AlexanderGabrielBruchsal commented 4 weeks ago

Maybe you can try to rewrite the perdata_uri to the new path.

we are affected from this issue, too. when i disable controller check, the error goes away. i'd like to test rewriting the url but i don't get it... rewrite to what?

it looks like this:

        name="controllers",
        uri="/controllers",
        perfdata_uri="/analysed-controller-statistics",
        perfdata_identifier="controllerId",
chexma commented 4 weeks ago

Hi,

unfortunately I have no system running on that firmware yet. You can try to change perfdata_uri to /analyzed/controller-statistics

chexma commented 4 weeks ago

If someone has the chance to fetch the API of the analyzed controller statistics data with e.g. postman, I could try to fix the problem without direct access.

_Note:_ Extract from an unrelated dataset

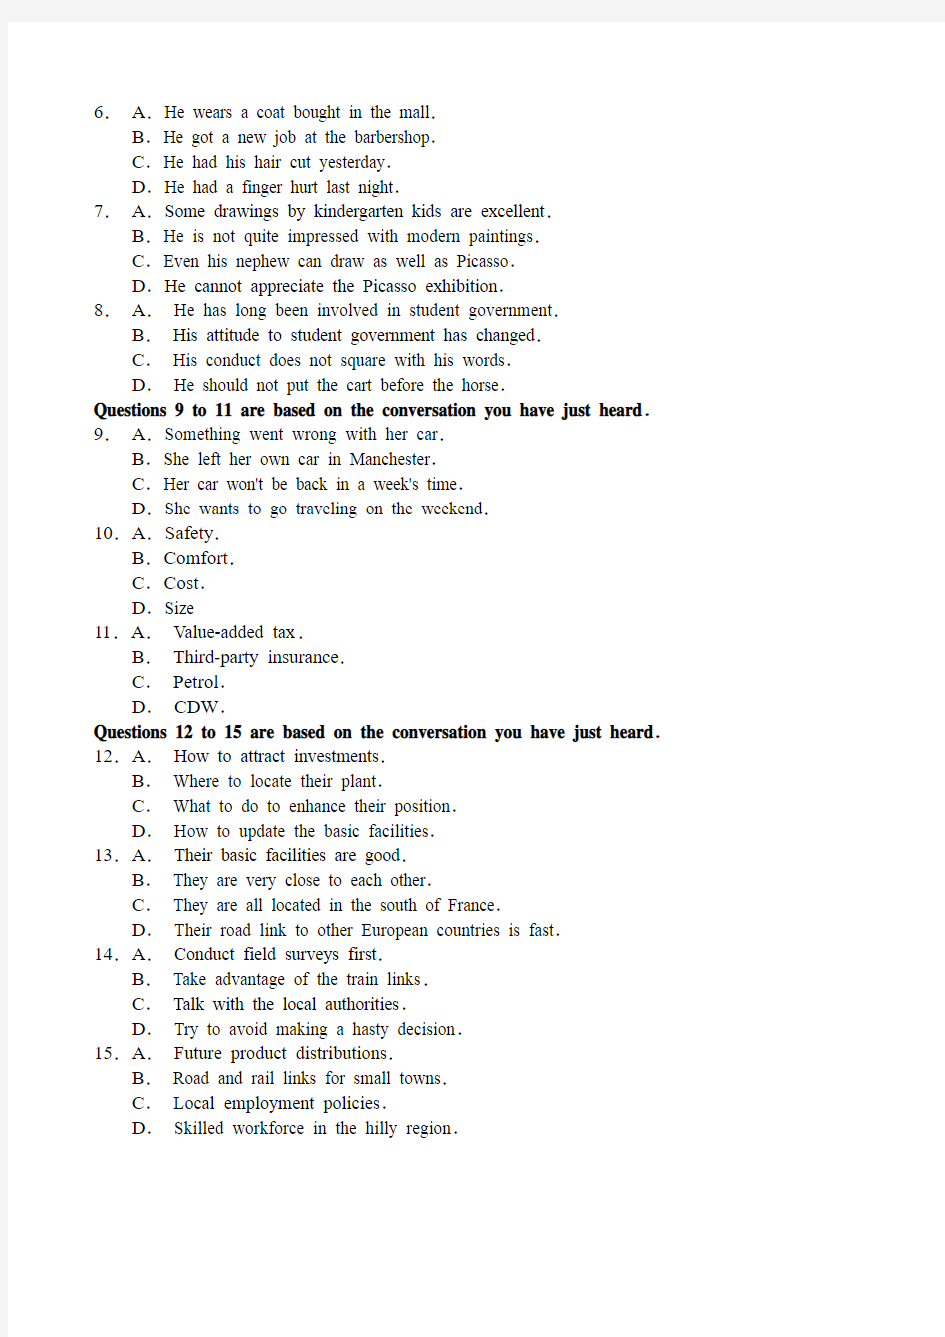 2014年6月英语六级真题及答案解析-第二套

AlexanderGabrielBruchsal commented 4 weeks ago

Hi,

changed the url but did not work. But found API doc :) Executing this: curl -X GET "https://HOSTNAME/devmgr/v2/storage-systems/1/analyzed/controller-statistics?statisticsFetchTime=60" -H "accept: application/json"

returns this:

{
  "statistics": [
    {
      "observedTime": "2024-10-31T07:56:04.000+00:00",
      "observedTimeInMS": "1730361364000",
      "sourceController": "CONTROLLERID",
      "readIOps": 37.24333333333333,
      "writeIOps": 20.243333333333332,
      "otherIOps": 0,
      "combinedIOps": 57.486666666666665,
      "readThroughput": 3.9289347330729165,
      "writeThroughput": 0.12590726216634116,
      "combinedThroughput": 4.054841995239258,
      "readResponseTime": 13.0910230516201,
      "readResponseTimeStdDev": 165.25260443364118,
      "writeResponseTime": 0.06098923608202972,
      "writeResponseTimeStdDev": 0.6451068423419701,
      "combinedResponseTime": 6.680828394941147,
      "combinedResponseTimeStdDev": 156.00596177799304,
      "averageReadOpSize": 110618.09719860378,
      "averageWriteOpSize": 6521.81788243043,
      "readOps": 11173,
      "writeOps": 6073,
      "readPhysicalIOps": 37.769999999999996,
      "writePhysicalIOps": 19.930000000000007,
      "controllerId": "CONTROLLERID",
      "cacheHitBytesPercent": 1.5127675037219444,
      "randomIosPercent": 35.5233400985793,
      "mirrorBytesPercent": 0,
      "fullStripeWritesBytesPercent": 0,
      "maxCpuUtilization": 38,
      "maxCpuUtilizationPerCore": [
        38
      ],
      "cpuAvgUtilization": 37.18333333333333,
      "cpuAvgUtilizationPerCore": [
        37.18333333333333
      ],
      "cpuAvgUtilizationPerCoreStdDev": [
        0.3869395588750369
      ],
      "raid0BytesPercent": 0,
      "raid1BytesPercent": 0,
      "raid5BytesPercent": 0,
      "raid6BytesPercent": 0,
      "ddpBytesPercent": 3.1051089614383836,
      "readHitResponseTime": 0.0025785714285714283,
      "readHitResponseTimeStdDev": 0.002450188273240292,
      "writeHitResponseTime": 0.06098923608202972,
      "writeHitResponseTimeStdDev": 0.06098923608202972,
      "combinedHitResponseTime": 0.06048610153885449,
      "combinedHitResponseTimeStdDev": 0.0604858827594107,
      "maxPossibleBpsUnderCurrentLoad": 4847683500,
      "maxPossibleIopsUnderCurrentLoad": 216905
    }
  ],
  "tokenId": null
}

maybe structure of response or parameters changed? statisticsFetchTime is required field: "The number of seconds of historical statistics data to retrieve. After the initial query has started (a token has been provided), this value is ignored."